EXERCISE DESCRIPTION | Find the line with "Toshiba 282, 232, 202L" in the entries below, then output every line from it down to the line with "Whitby Yorkshire Whitby", exactly and with no pictures.

GIVEN RECORDS |
● ● ●
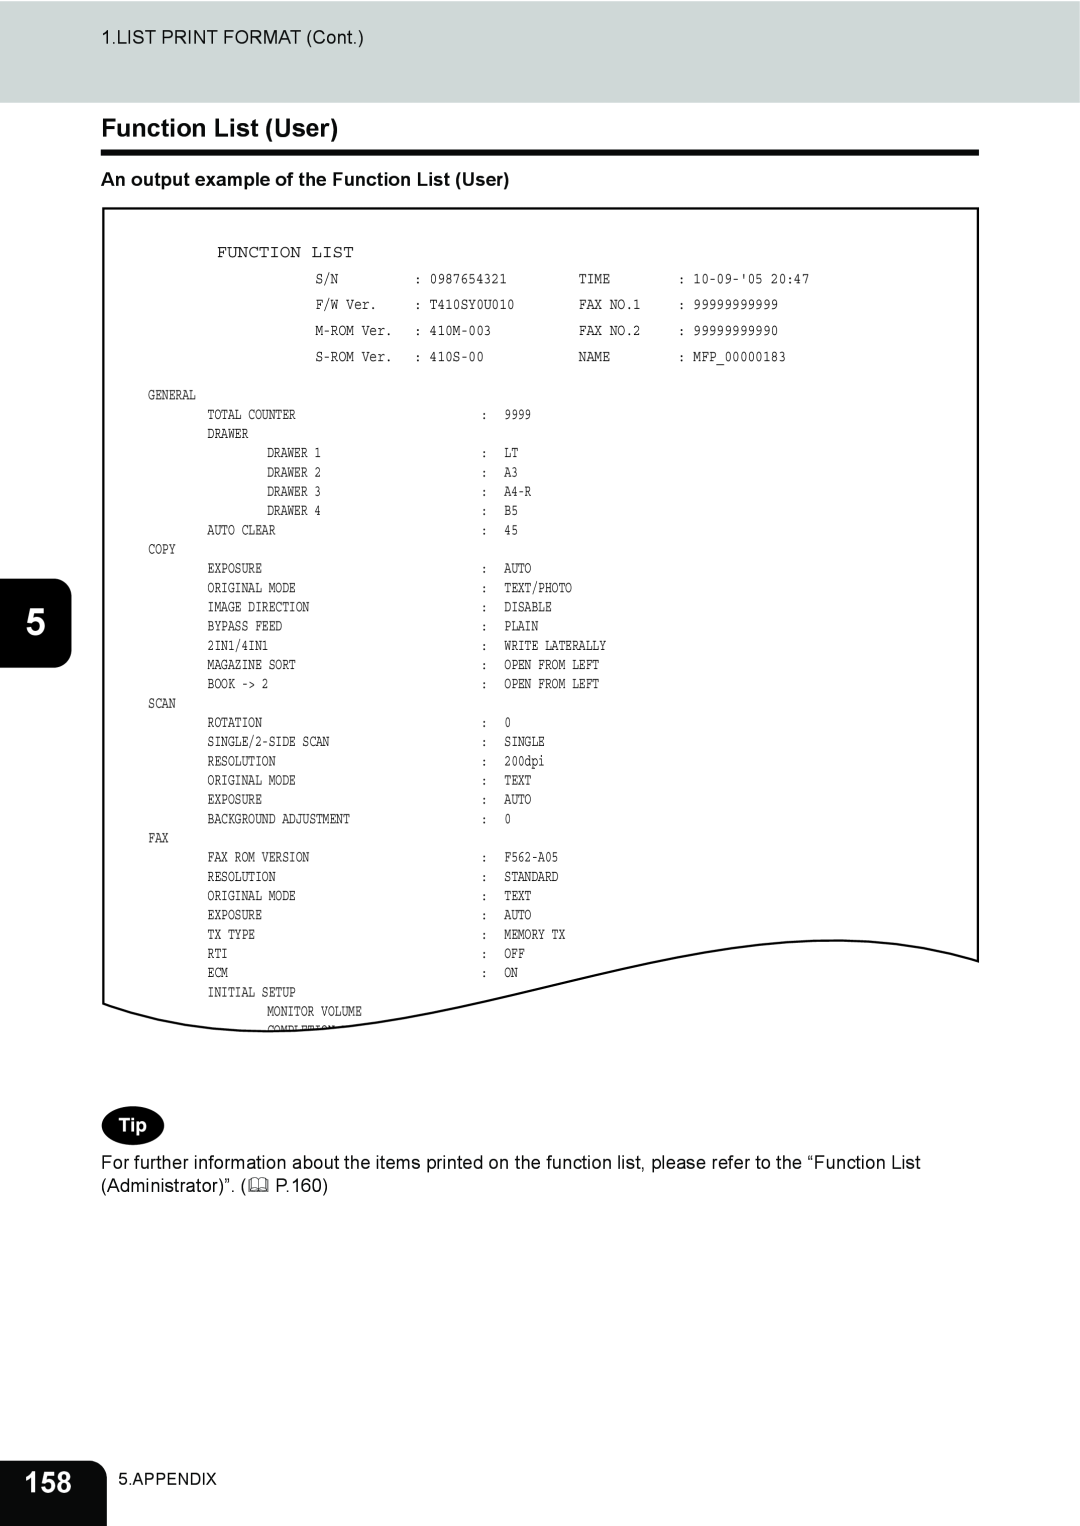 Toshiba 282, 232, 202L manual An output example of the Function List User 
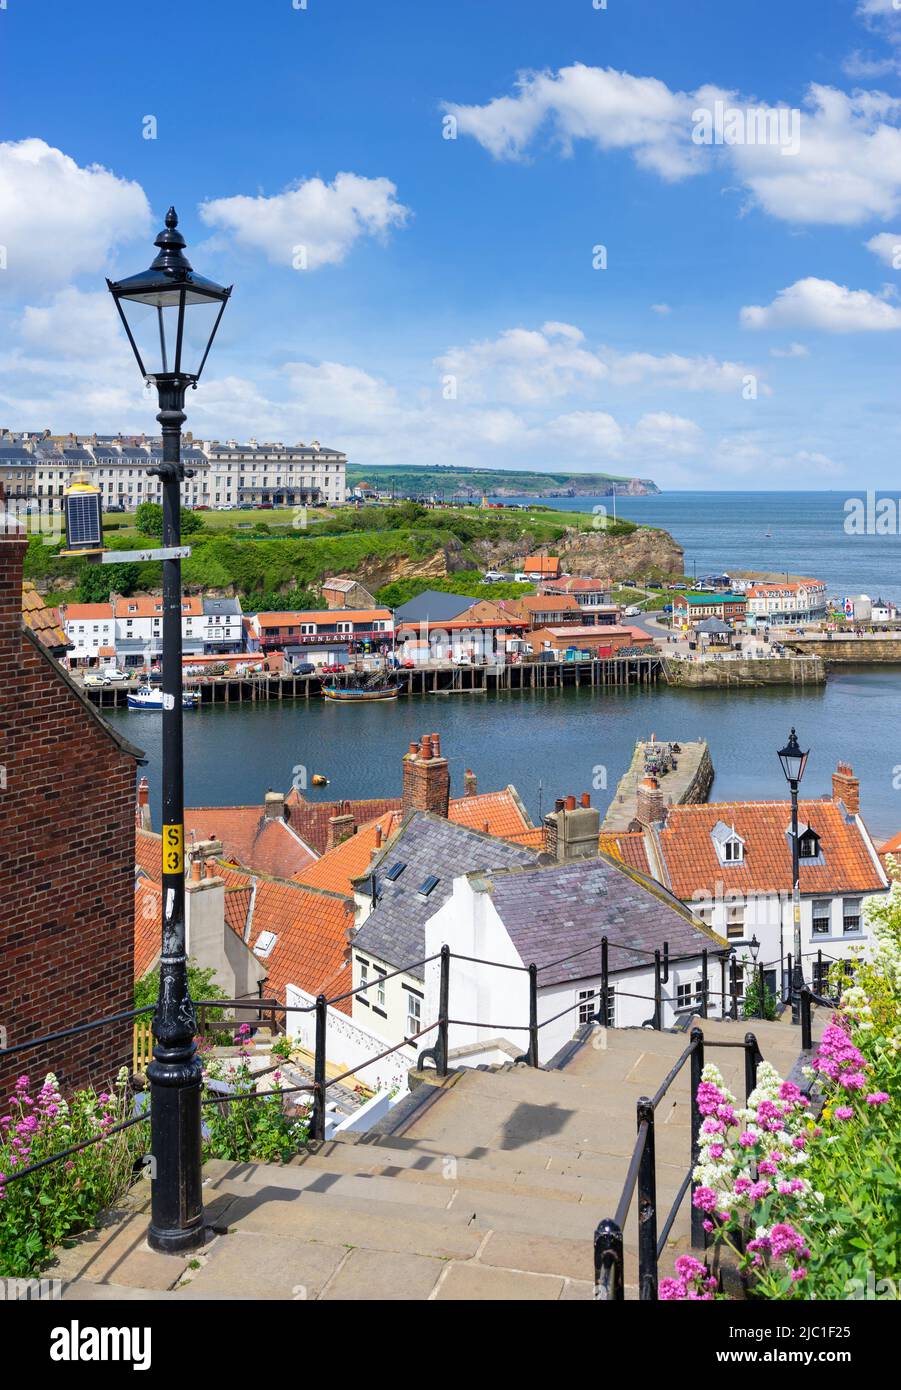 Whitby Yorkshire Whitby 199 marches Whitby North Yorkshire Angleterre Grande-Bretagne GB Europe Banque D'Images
● ● ●
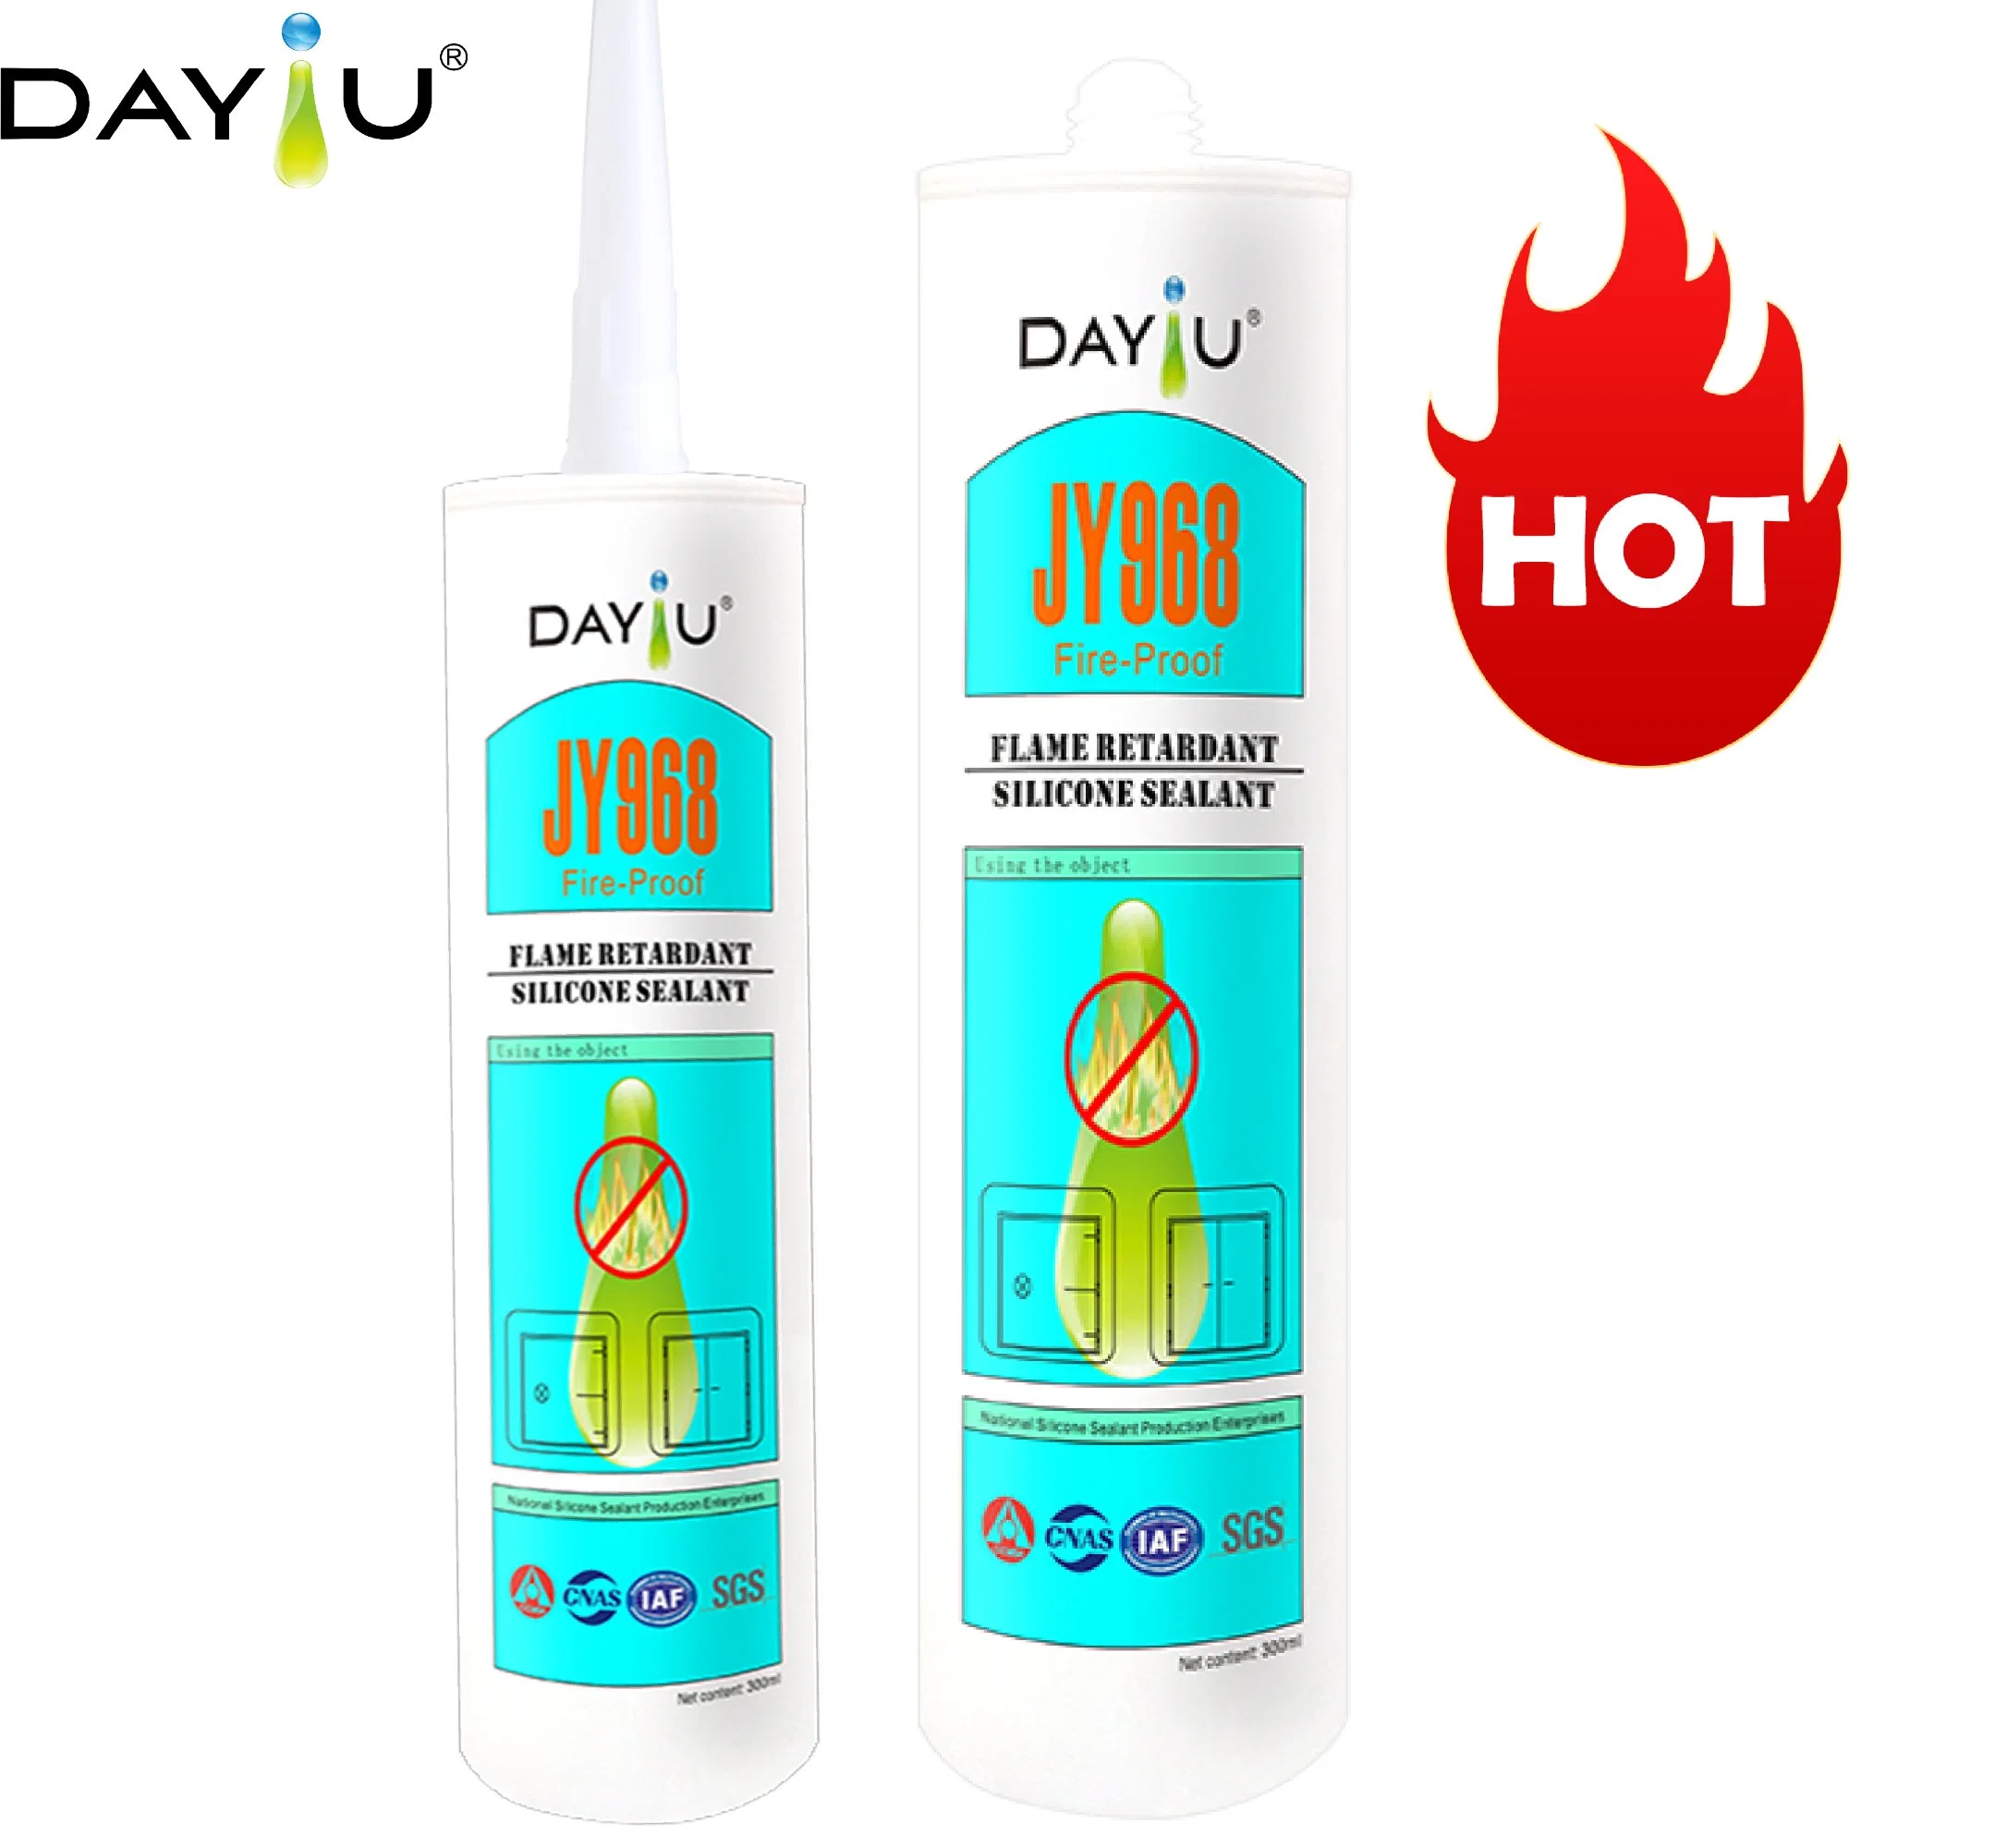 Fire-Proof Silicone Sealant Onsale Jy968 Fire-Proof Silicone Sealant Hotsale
● ● ●
TASK SOLUTION |
 Toshiba 282, 232, 202L manual An output example of the Function List User 
 Whitby Yorkshire Whitby 199 marches Whitby North Yorkshire Angleterre Grande-Bretagne GB Europe Banque D'Images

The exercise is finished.